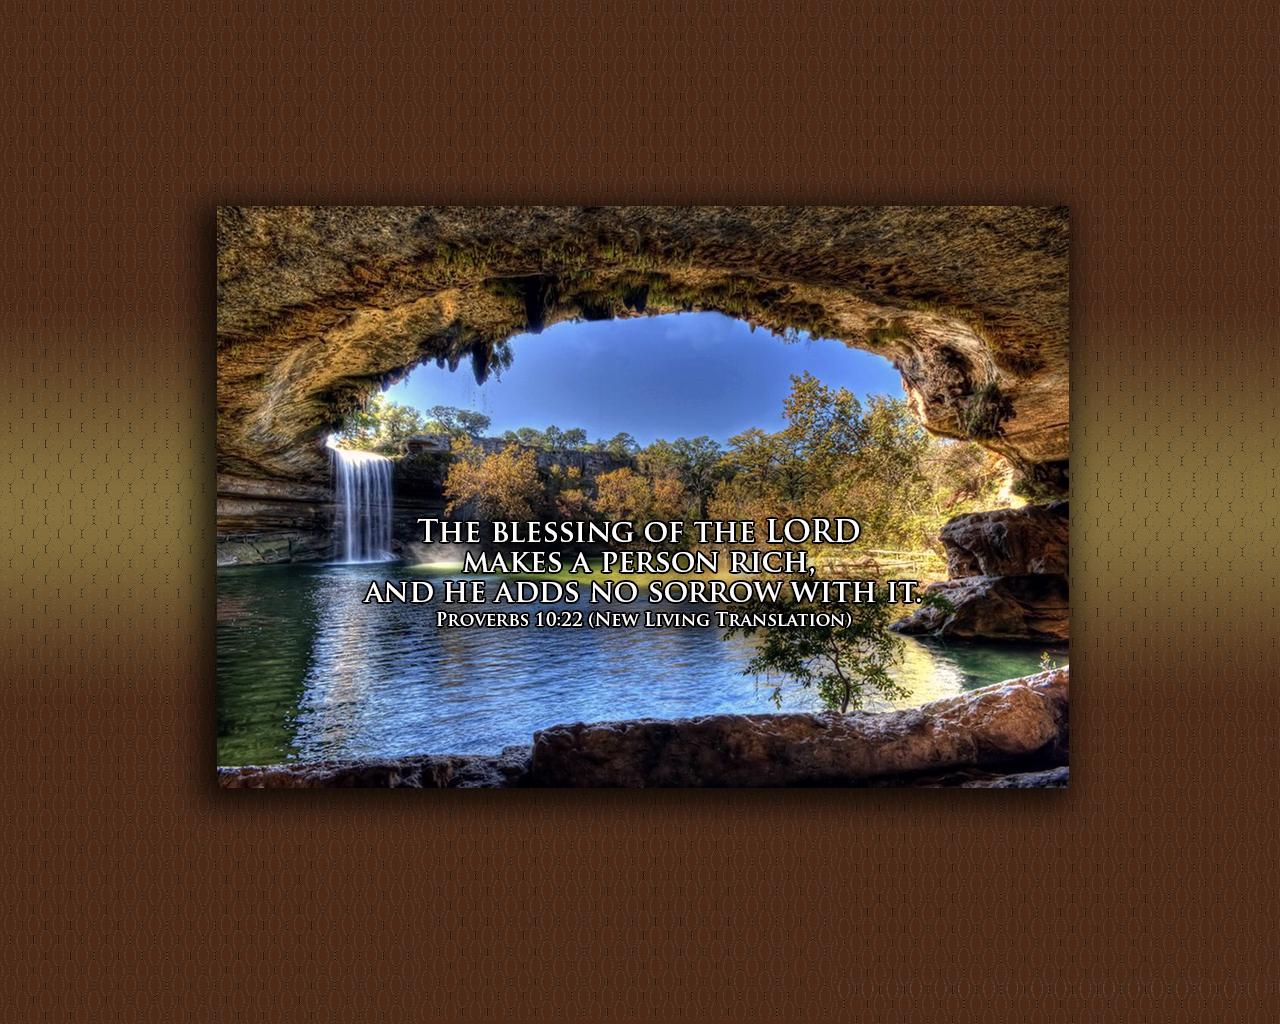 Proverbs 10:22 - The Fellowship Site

★ ★ ★ ★ ★

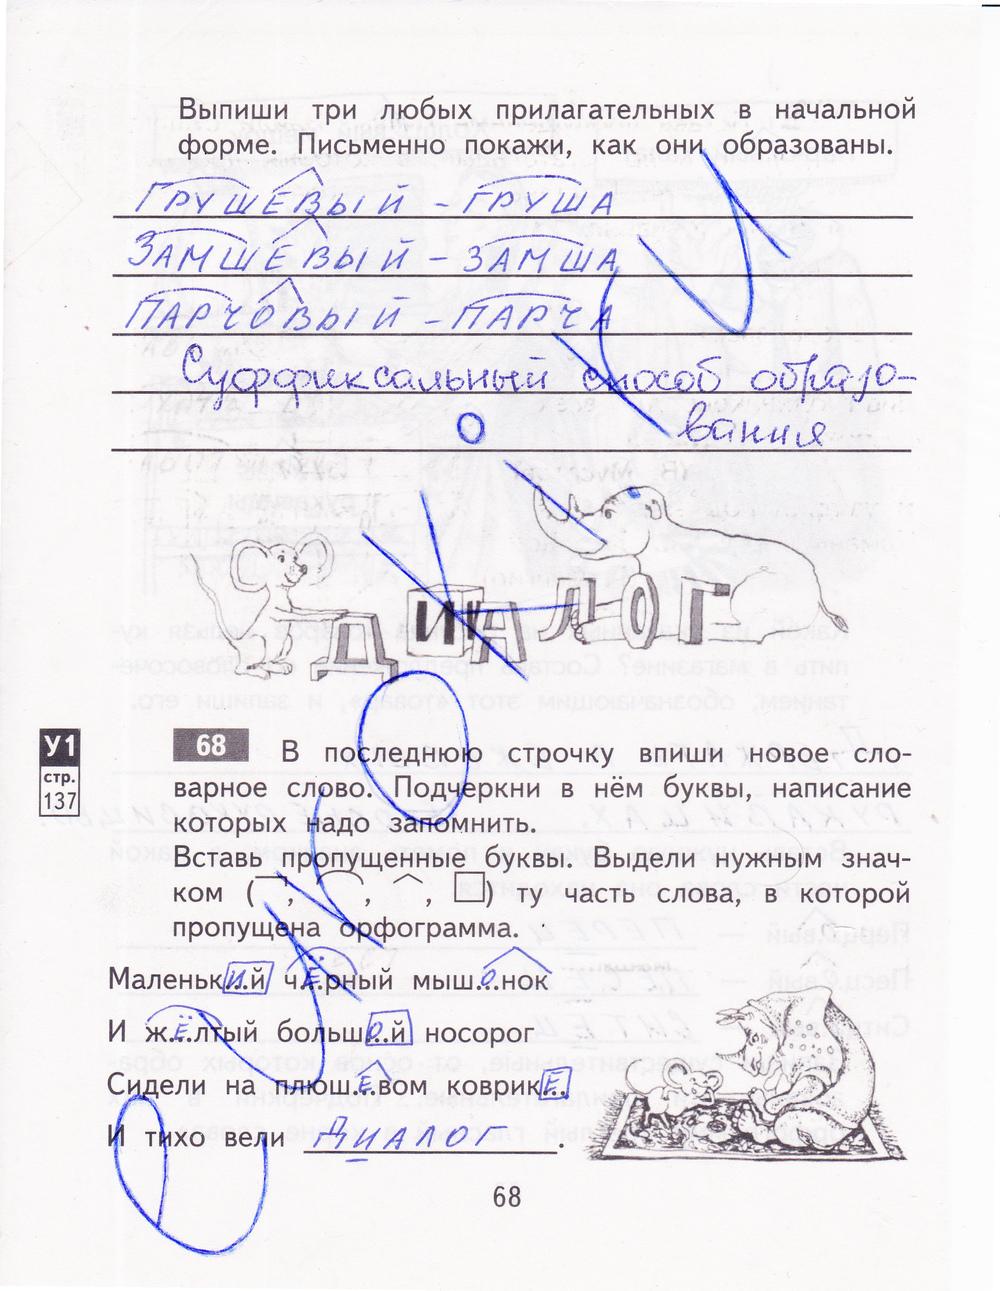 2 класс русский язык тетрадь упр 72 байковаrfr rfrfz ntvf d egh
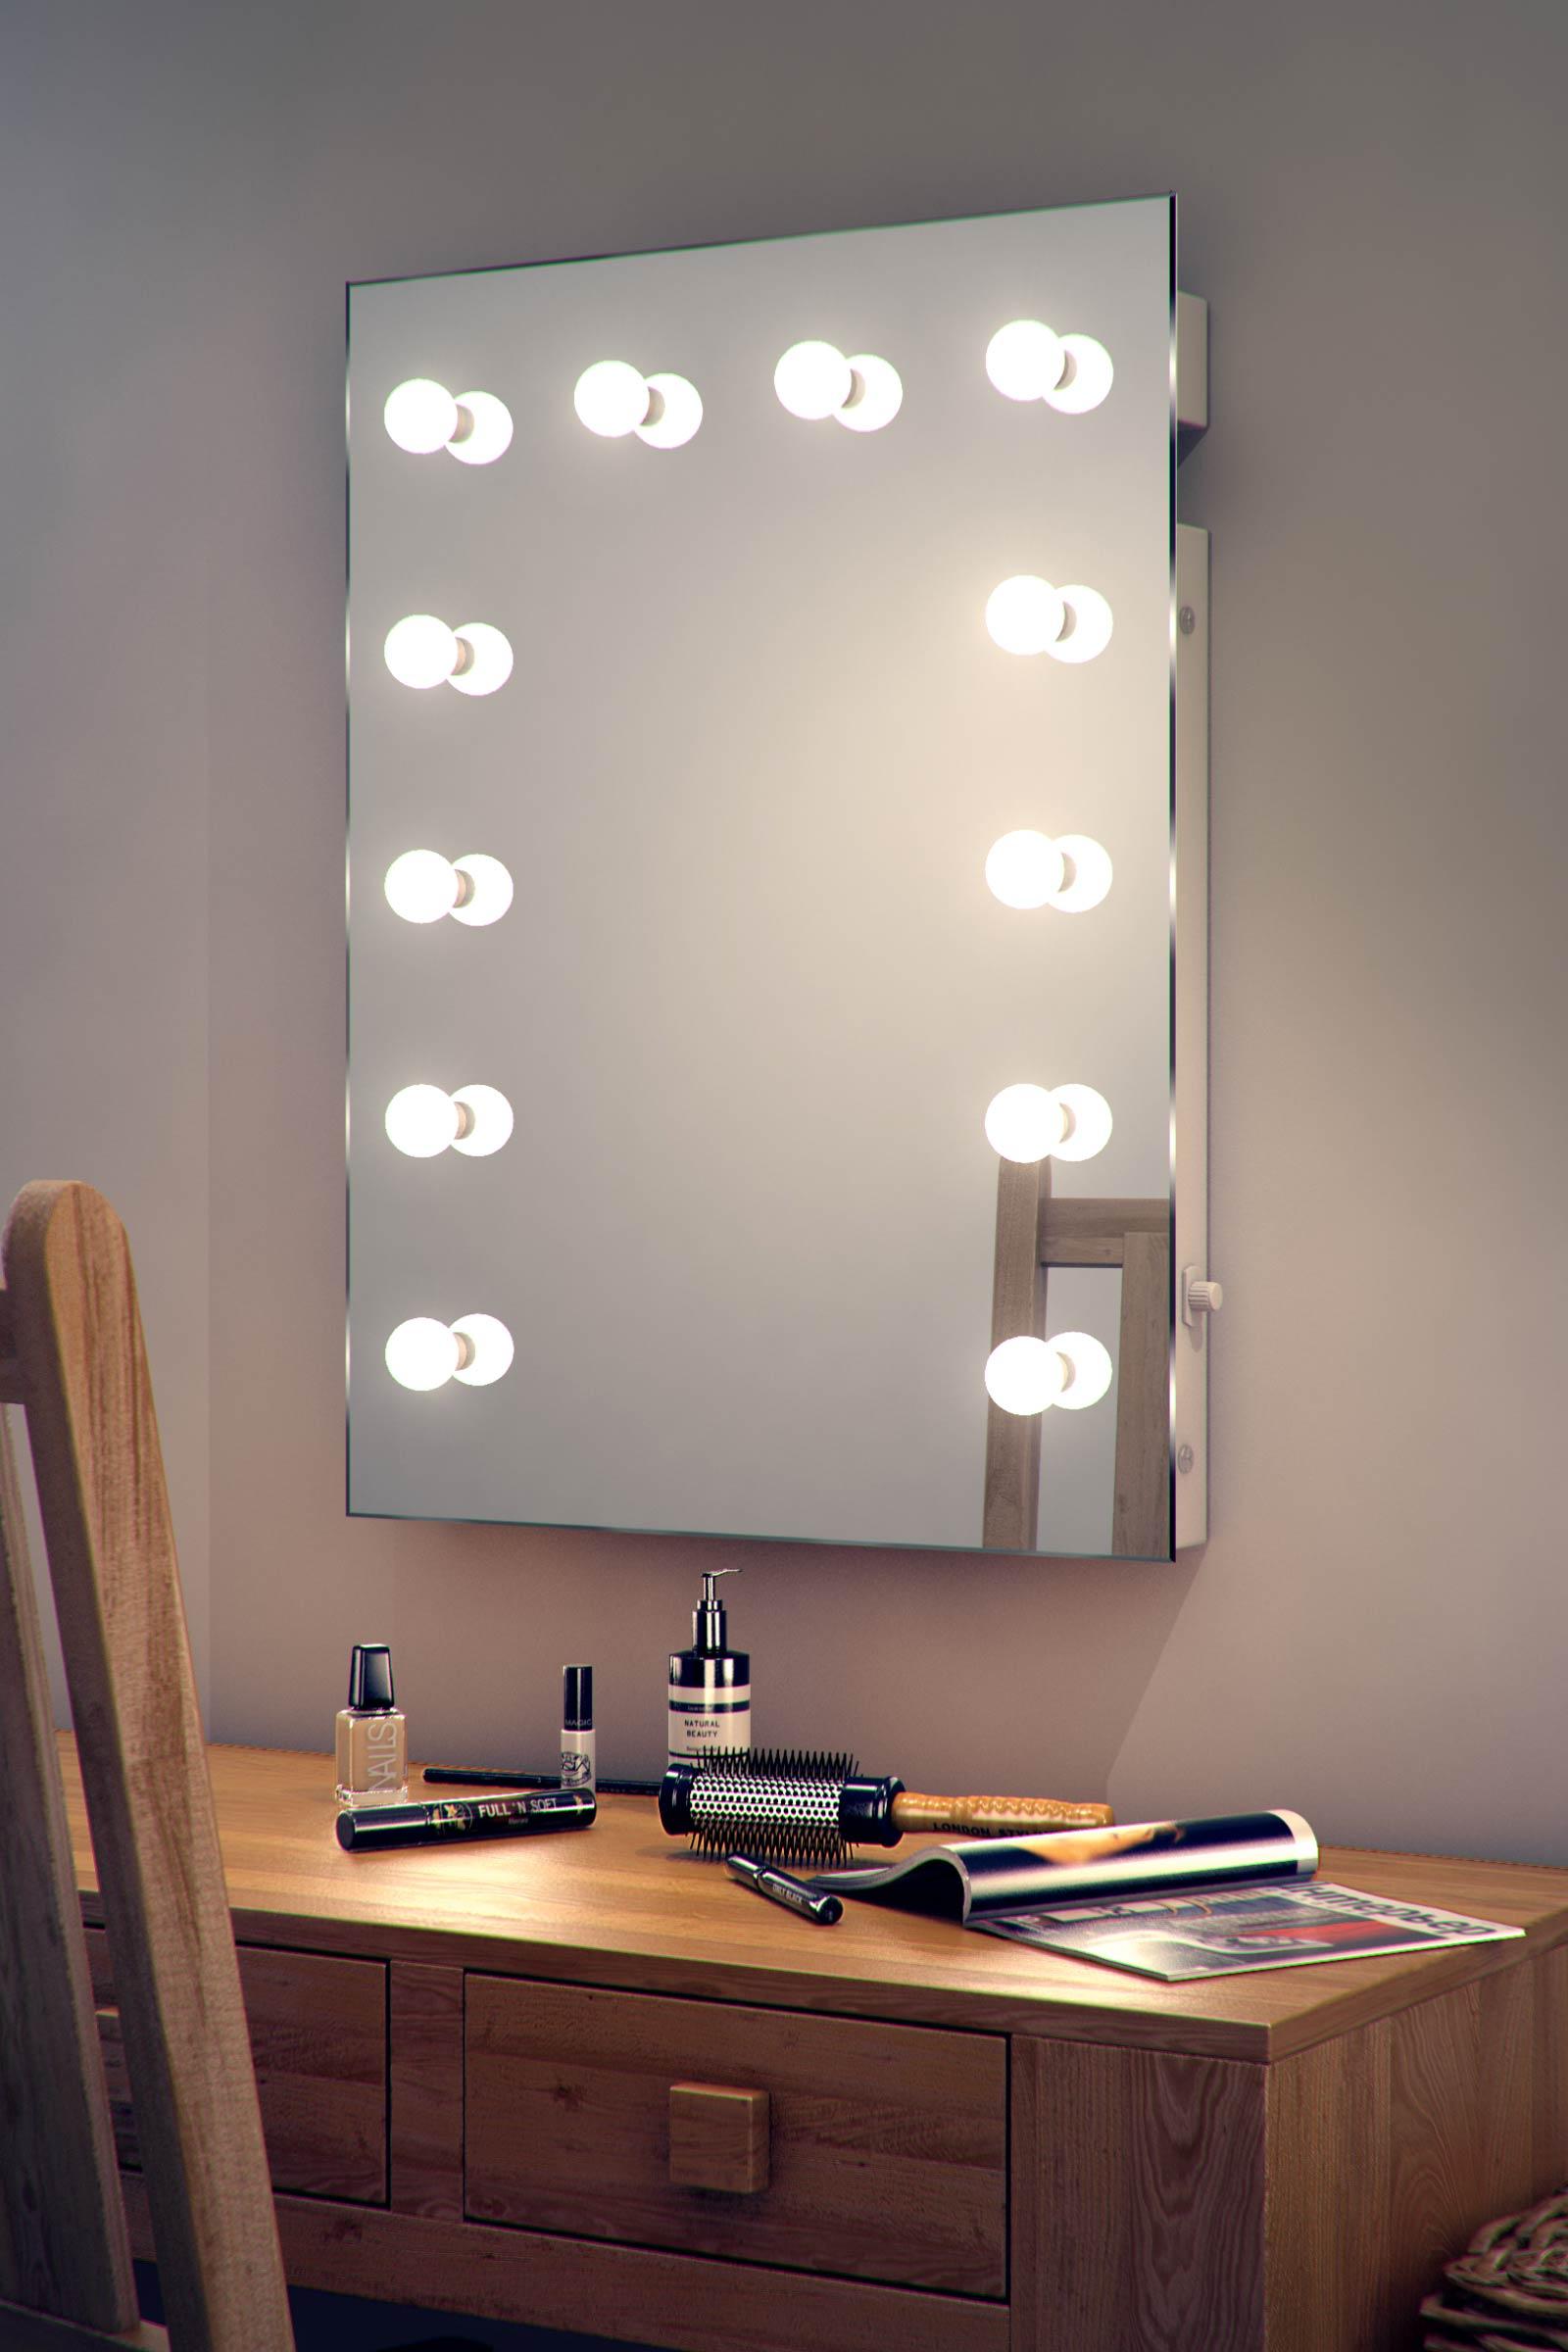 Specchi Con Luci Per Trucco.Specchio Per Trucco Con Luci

★ ★ ★ ★ ★

- About this exercise
Return only the stretch above from the line containing "2 класс русский" through the line containing "Specchi Con Luci", word for word and without pictures.

- Answer to this problem
 2 класс русский язык тетрадь упр 72 байковаrfr rfrfz ntvf d egh
 Specchi Con Luci Per Trucco.Specchio Per Trucco Con Luci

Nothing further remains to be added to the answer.